TASK: Repeat everything in the listing exactly, except for the images.

PROVIDED MATERIAL:
* * *
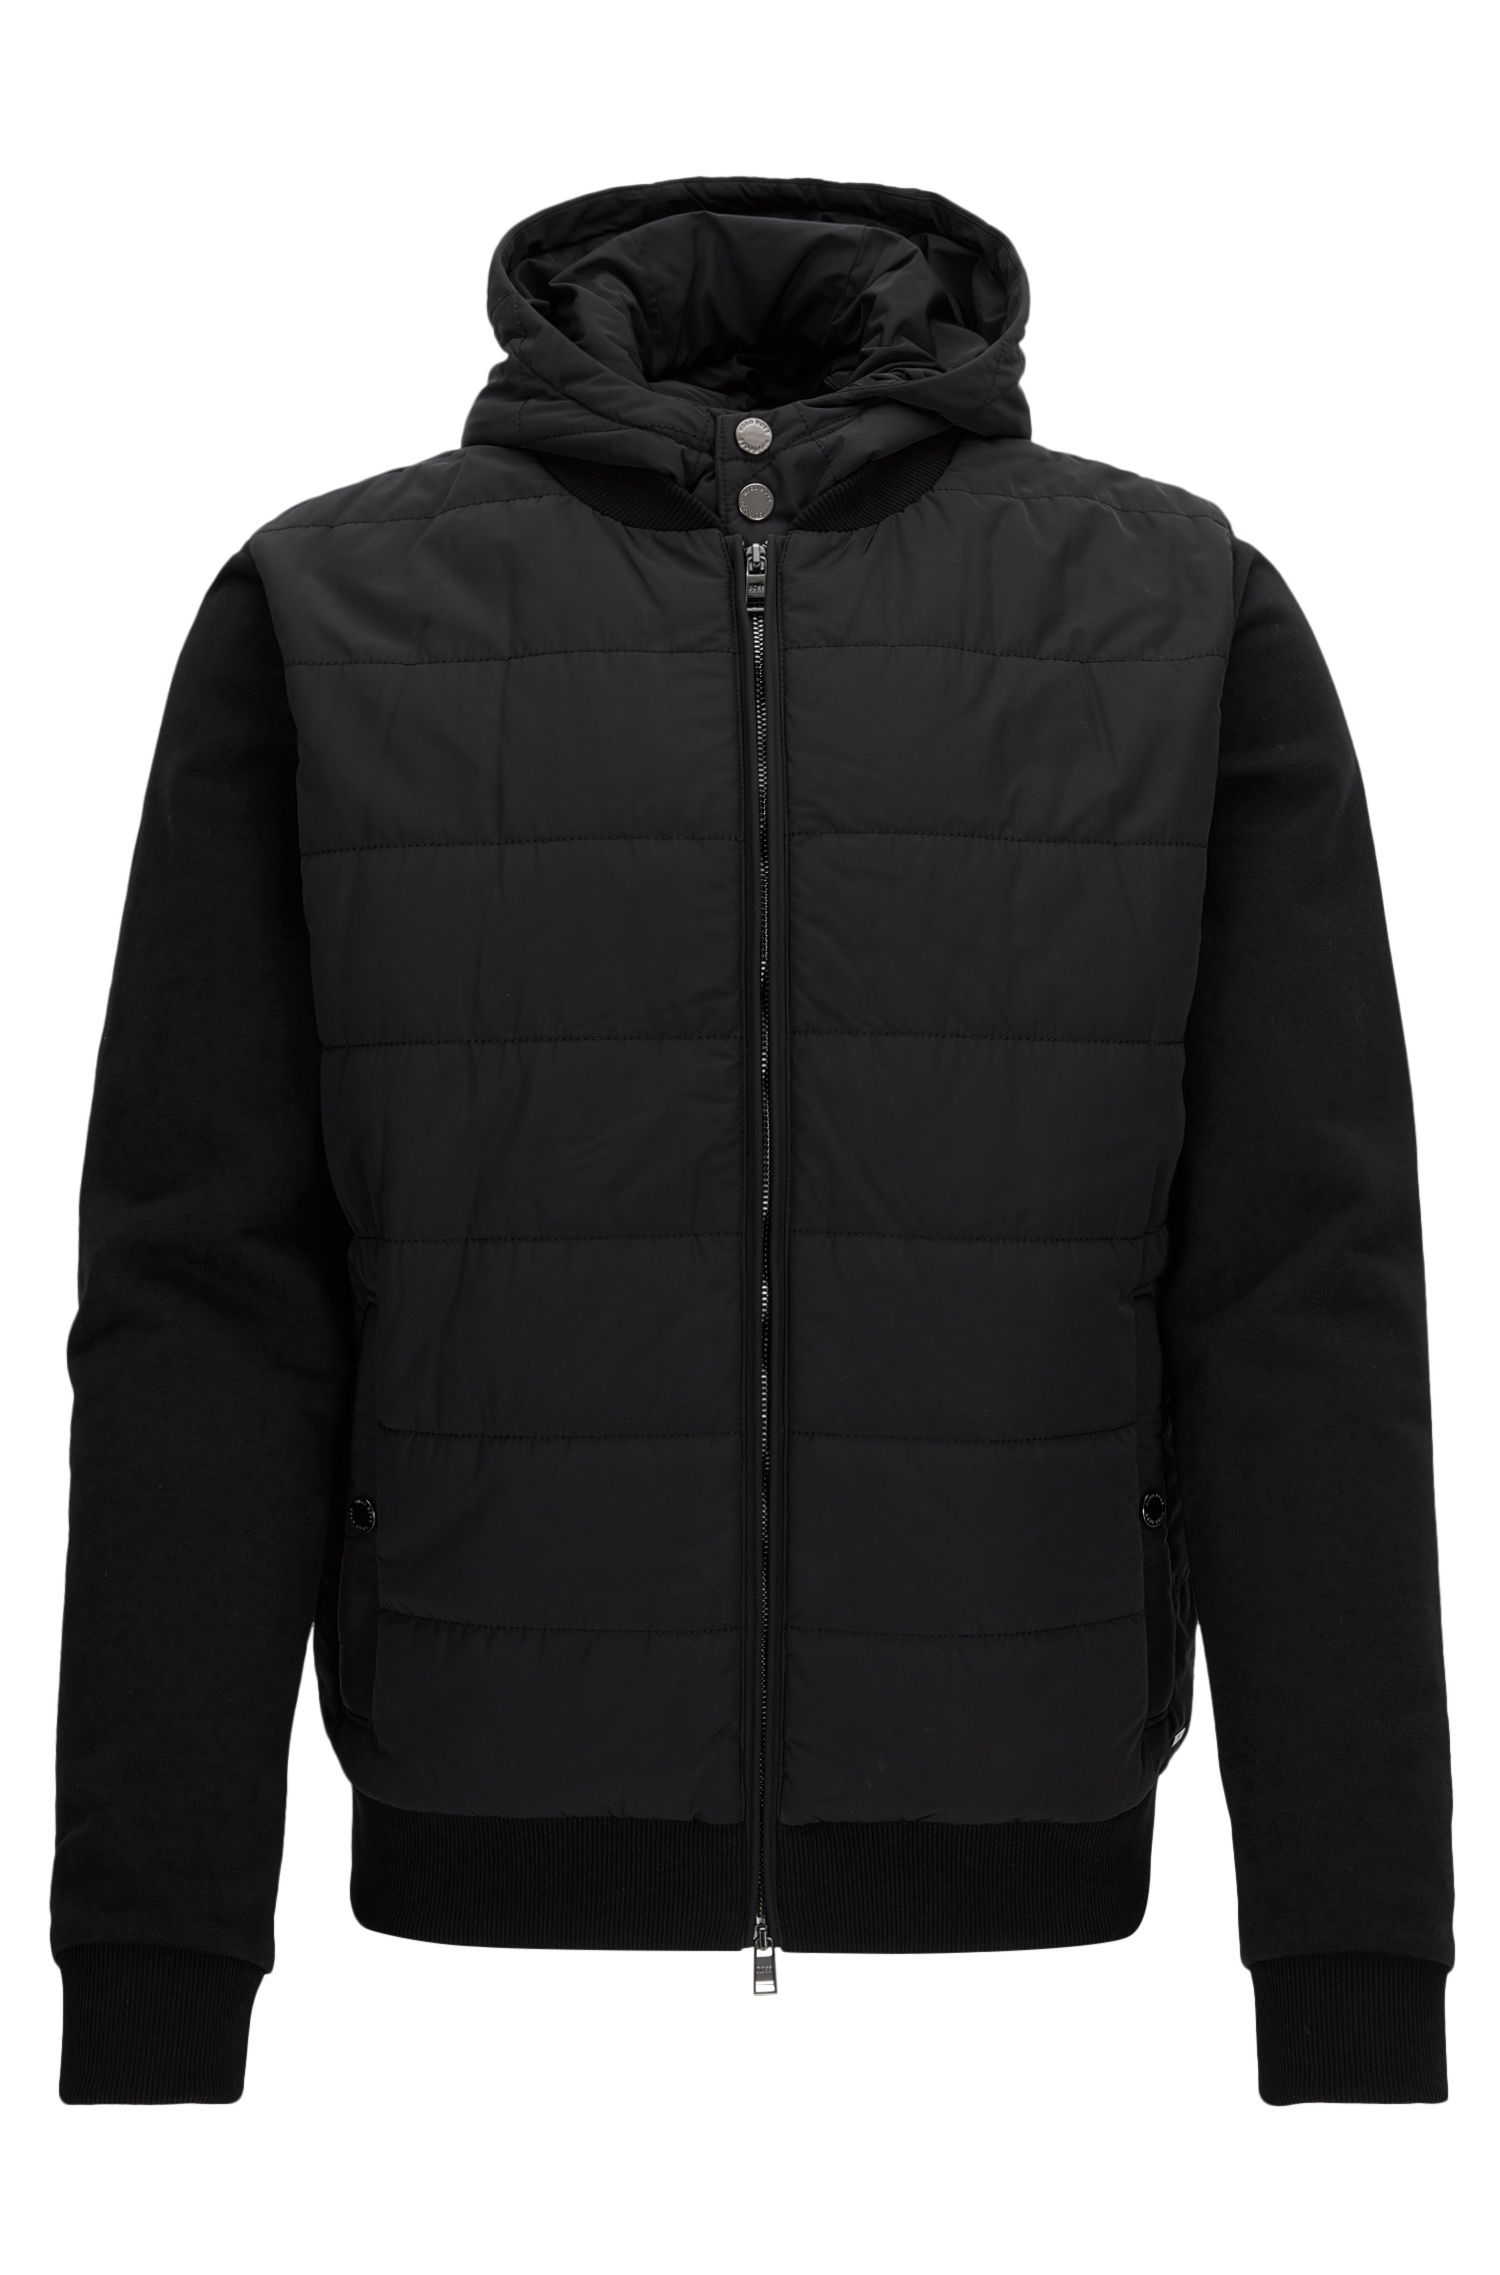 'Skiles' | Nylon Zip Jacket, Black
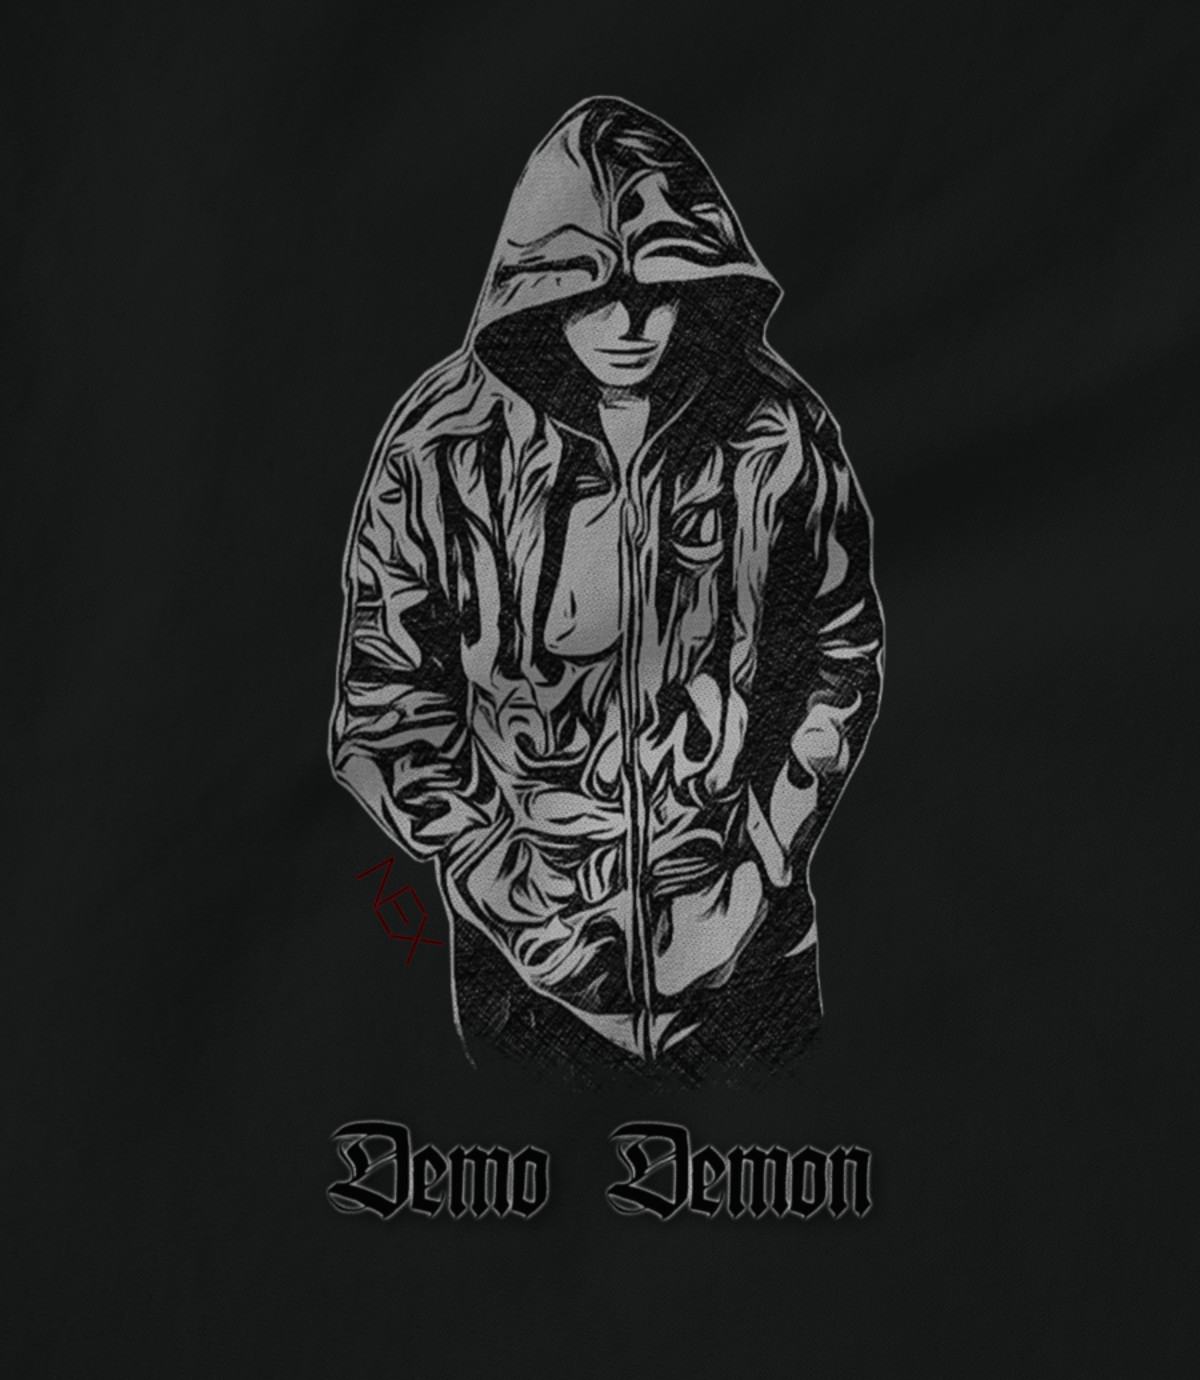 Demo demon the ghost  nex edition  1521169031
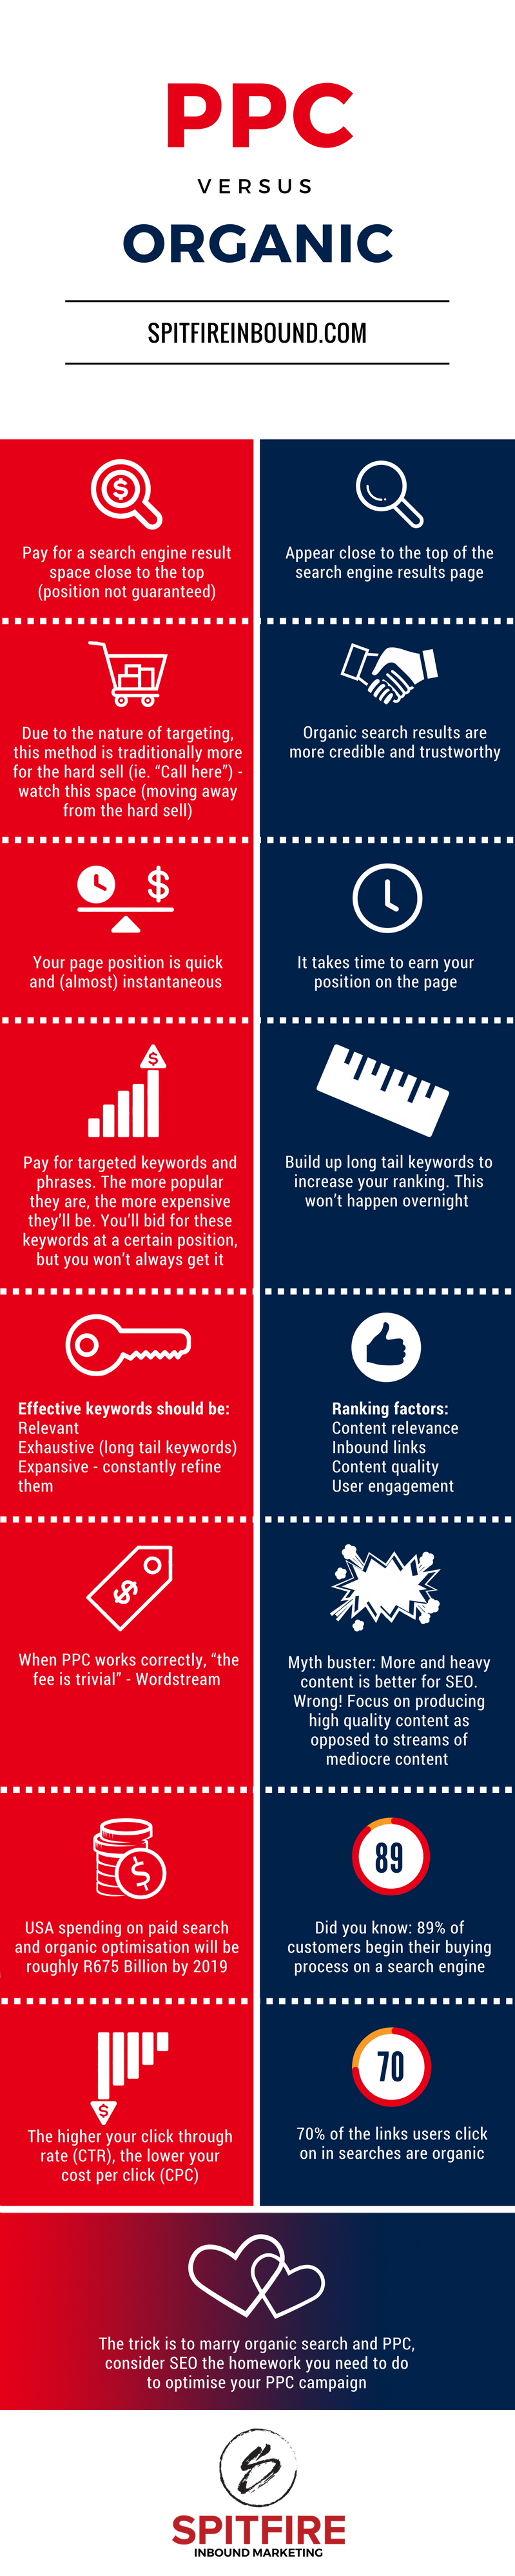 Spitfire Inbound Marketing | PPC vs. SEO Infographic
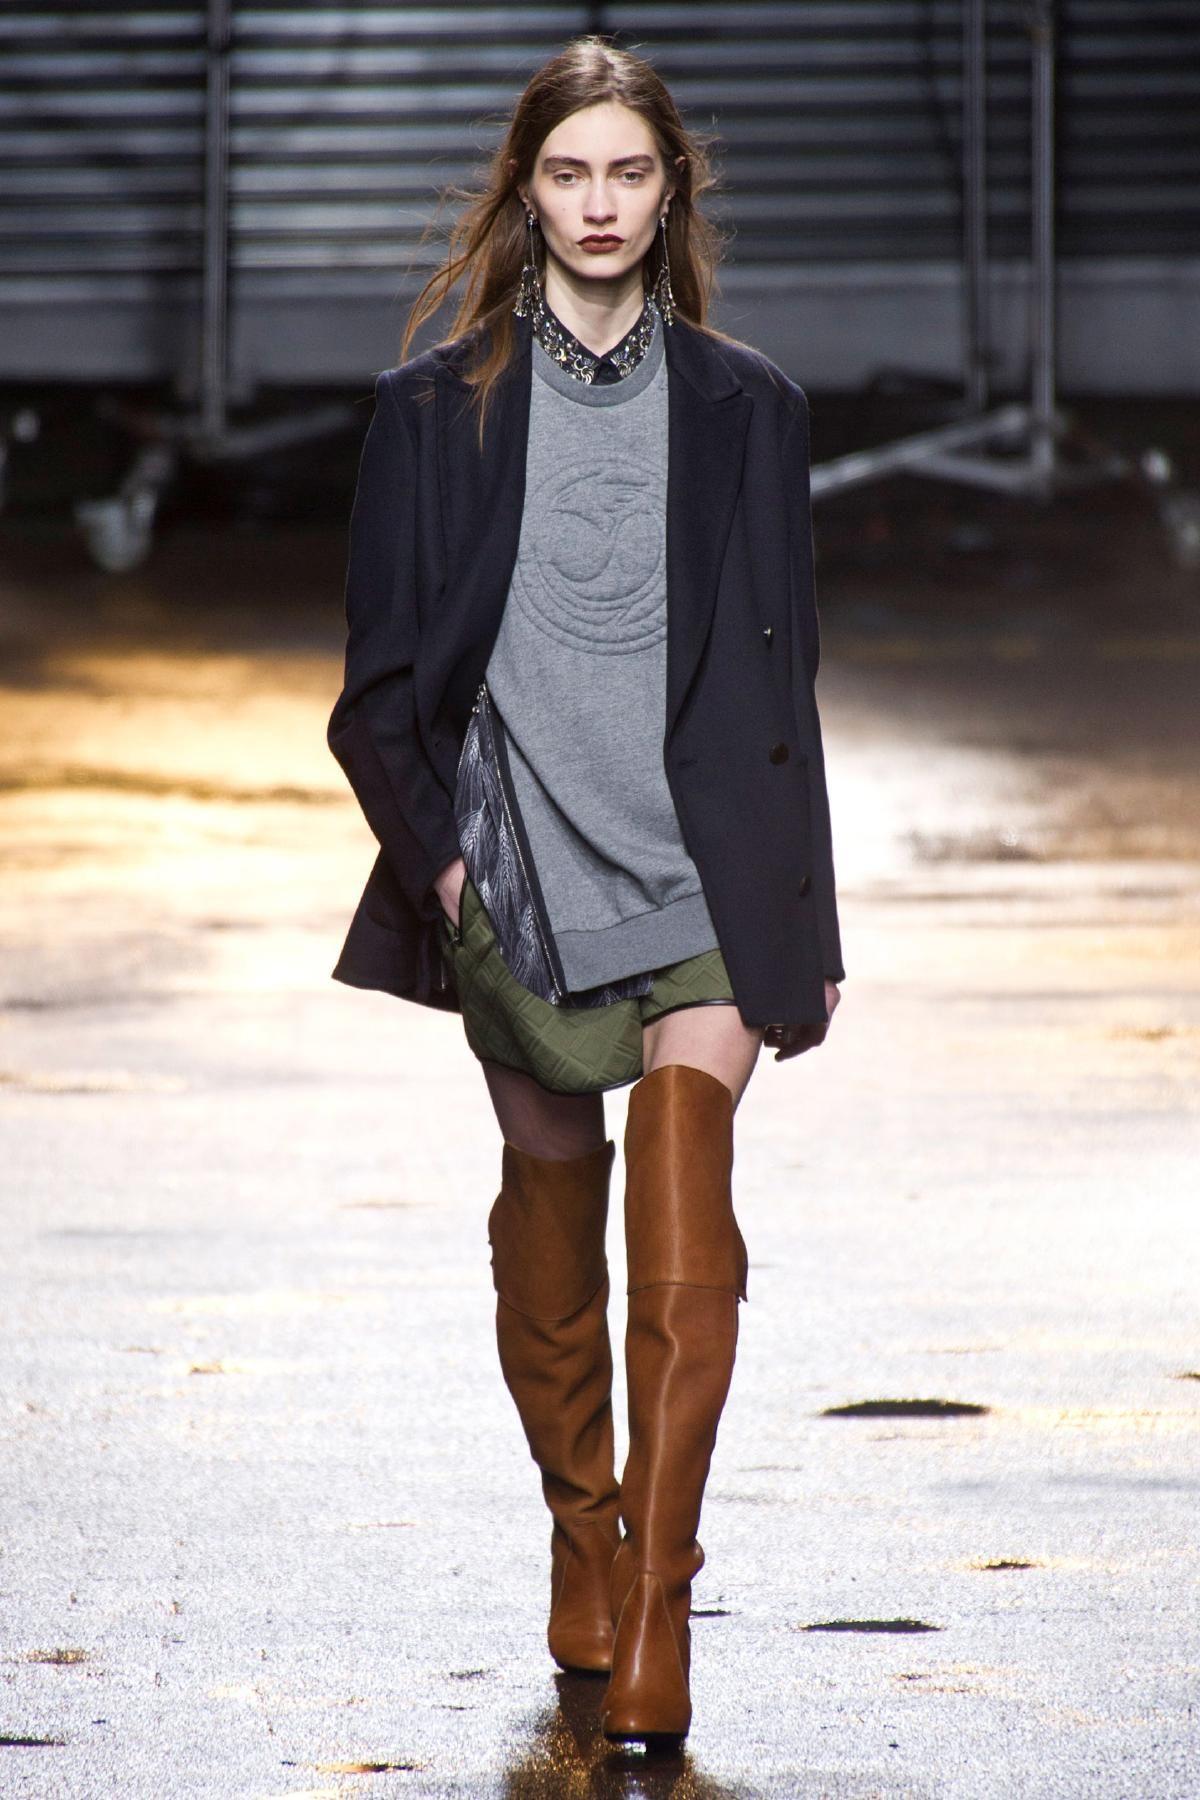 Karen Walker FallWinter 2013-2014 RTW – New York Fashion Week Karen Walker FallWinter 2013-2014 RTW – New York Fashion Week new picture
* * *
REPLY TO THE EXERCISE:
 'Skiles' | Nylon Zip Jacket, Black
 Demo demon the ghost  nex edition  1521169031
 Spitfire Inbound Marketing | PPC vs. SEO Infographic
 Karen Walker FallWinter 2013-2014 RTW – New York Fashion Week Karen Walker FallWinter 2013-2014 RTW – New York Fashion Week new picture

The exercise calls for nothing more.